2025-01-28T12:16:32.365+05:30 info hbrsrv[2748277] [Originator@6876 sub=Asio] Closing LWD ASIO  ->  (plain text)
2025-01-28T12:16:32.365+05:30 info hbrsrv[2748277] [Originator@6876 sub=Delta] HbrSrv cleaning out ClientConnection ([Y.Y.Y.Y]:55936)
2025-01-28T12:16:32.365+05:30 error hbrsrv[2748277] [Originator@6876 sub=Main] HbrError stack:
2025-01-28T12:16:32.365+05:30 error hbrsrv[2748277] [Originator@6876 sub=Main]    [0] ClientConnection (client=[Y.Y.Y.Y]:55936) request callback failed: Connection reset by peer: The connection is terminated by the remote end with a reset packet. Usually, this is a sign of a network problem,  timeout, or service overload.
2025-01-28T12:16:32.365+05:30 error hbrsrv[2748277] [Originator@6876 sub=Main]    [1] Dropping error encountered from network

(Note: In above logs Y.Y.Y.Y is the Source ESXi vmkernel where replication traffic is enabled)

 

Environment

  • vSphere Replication 8.x
  • vSphere Replication 9.x

Cause

This can be caused by following reasons:

  1. Poor replication bandwidth allocation between sites
  2. Network configuration of external switches, routers, firewall and WAN appliances.
  3. Network performance is poor or inconsistent.

Resolution

Engage the physical switch vendor to identify network bottlenecks affecting replication performance, ensure stable connectivity with sufficient bandwidth between source and target sites, and check for congestion or packet loss.

To perform packet captures, follow this article: Using the pktcap-uw tool in ESXi 5.5 and later (341568)
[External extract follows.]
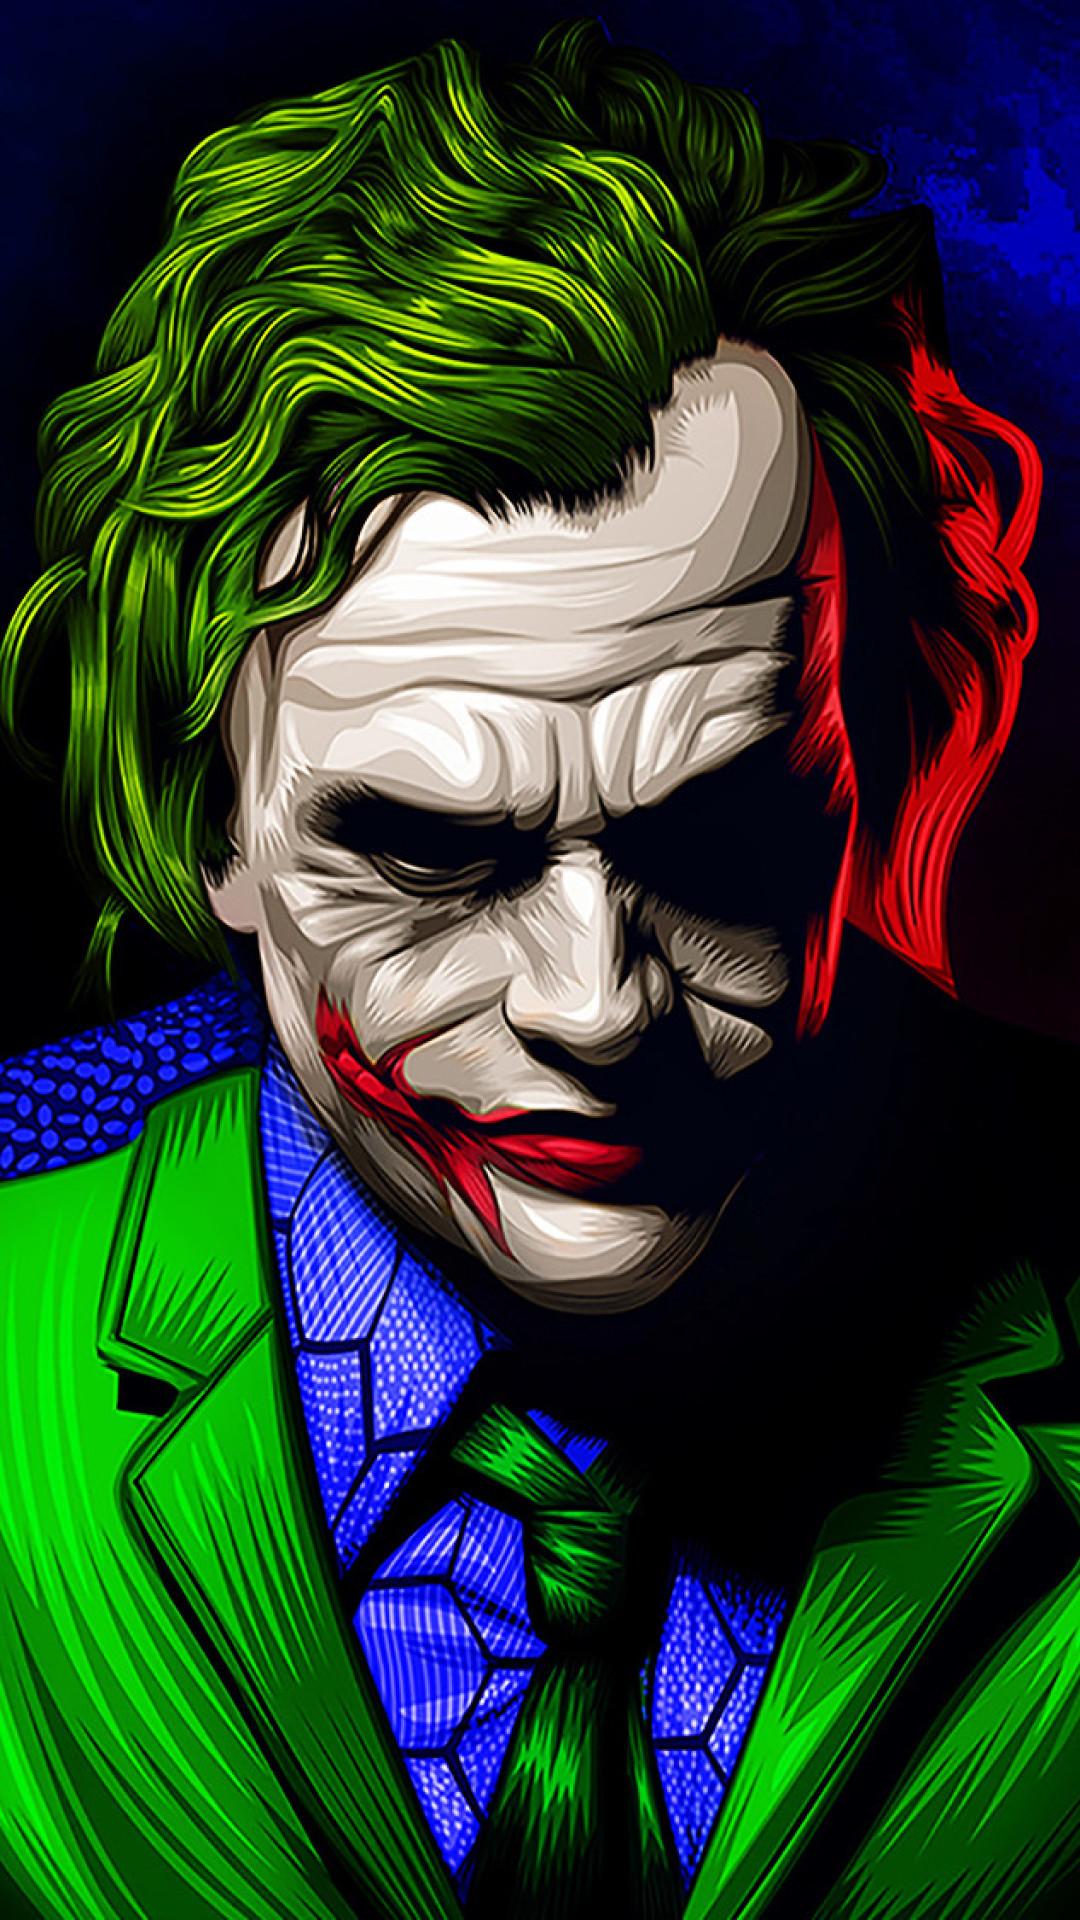 New Joker Wallpaper Ultra Hd Joker 4k 1080x1920 Download Hd Wallpaper Wallpapertip
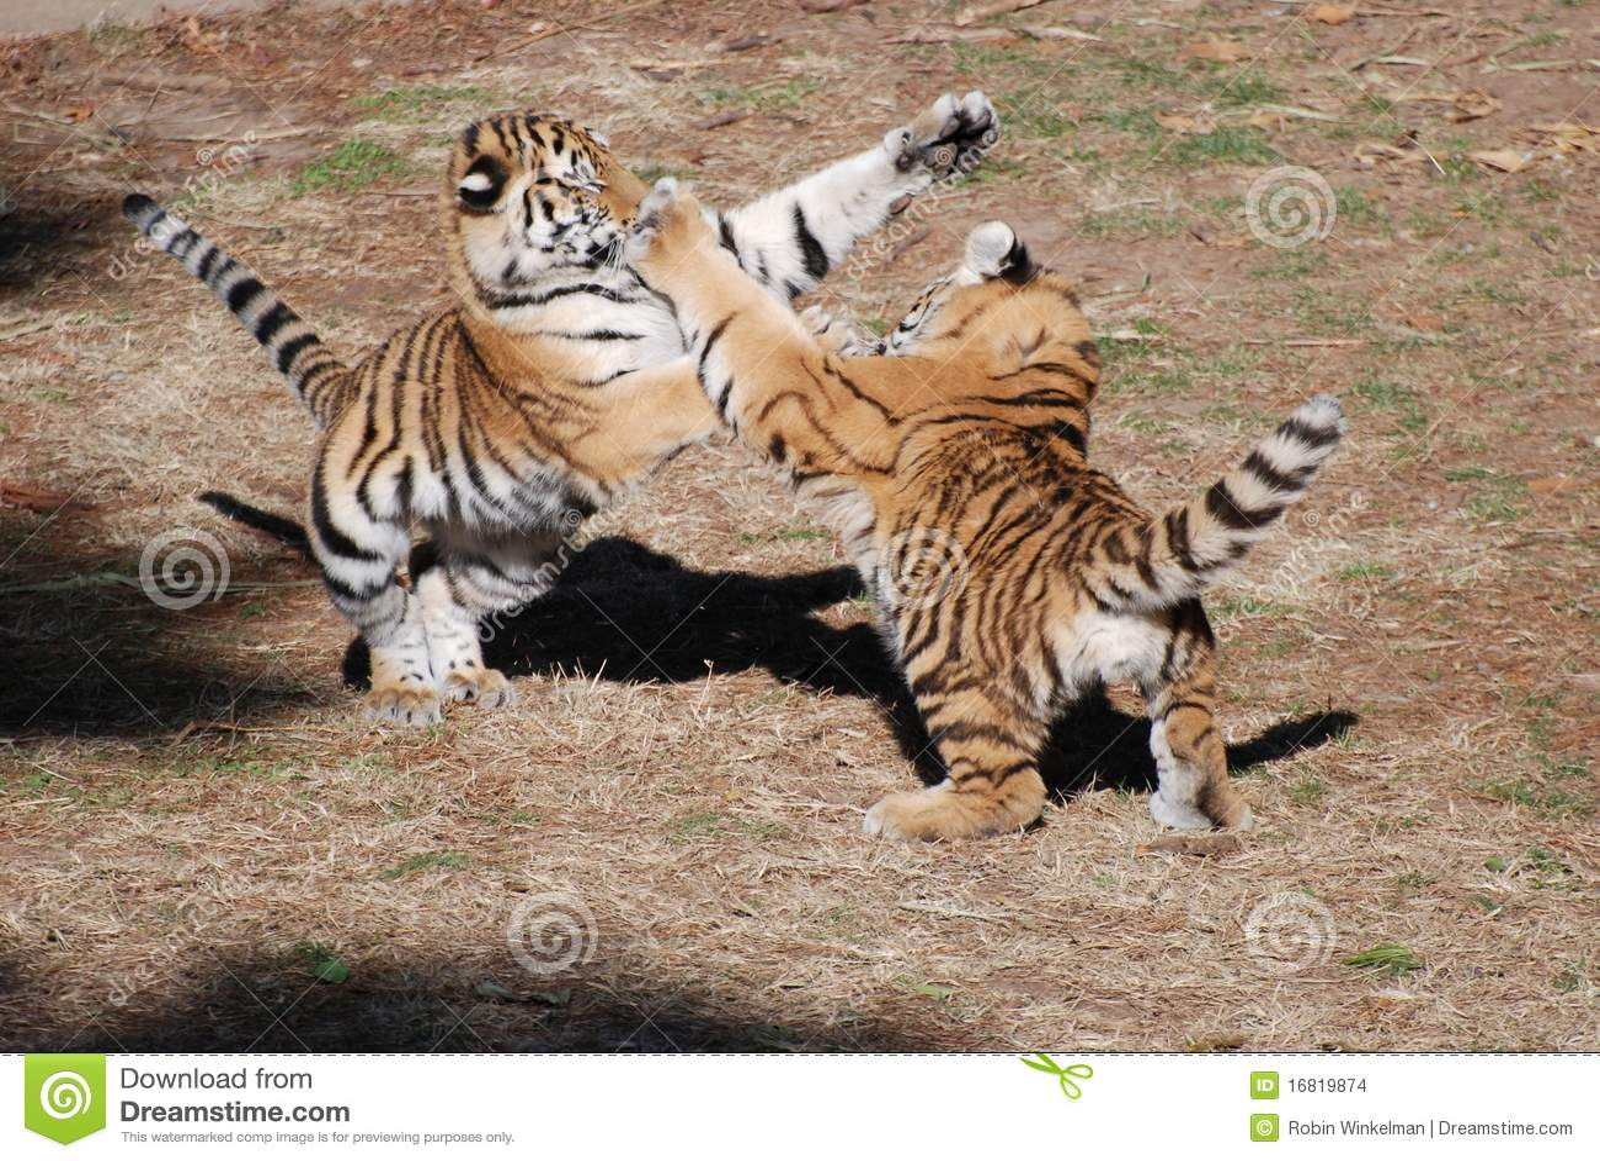 De welpen van de tijger bij spel

Following commands can be used to capture packets:

  1. To capture packets on the uplink vmnic of source ESXi host where the VM is running:  

    # pktcap-uw --uplink vmnic --dir 2 -o /vmfs/volumes/Datastore_name/vmnic.pcap

  1. To capture packets on the VMkernel interface used for replication traffic: 

    # pktcap-uw --vmk vmk0 --dir 2 -o /vmfs/volumes/Datastore_name/vmk2.pcap

  1. To capture packets on the network adapter of the DR site replication appliance:

    # tcpdump -i eth0 -w /tmp/eth0.pcap 

These packet captures can be analyzed by the physical switch vendor for potential issues on the network such as out of order packets or tcp reset events.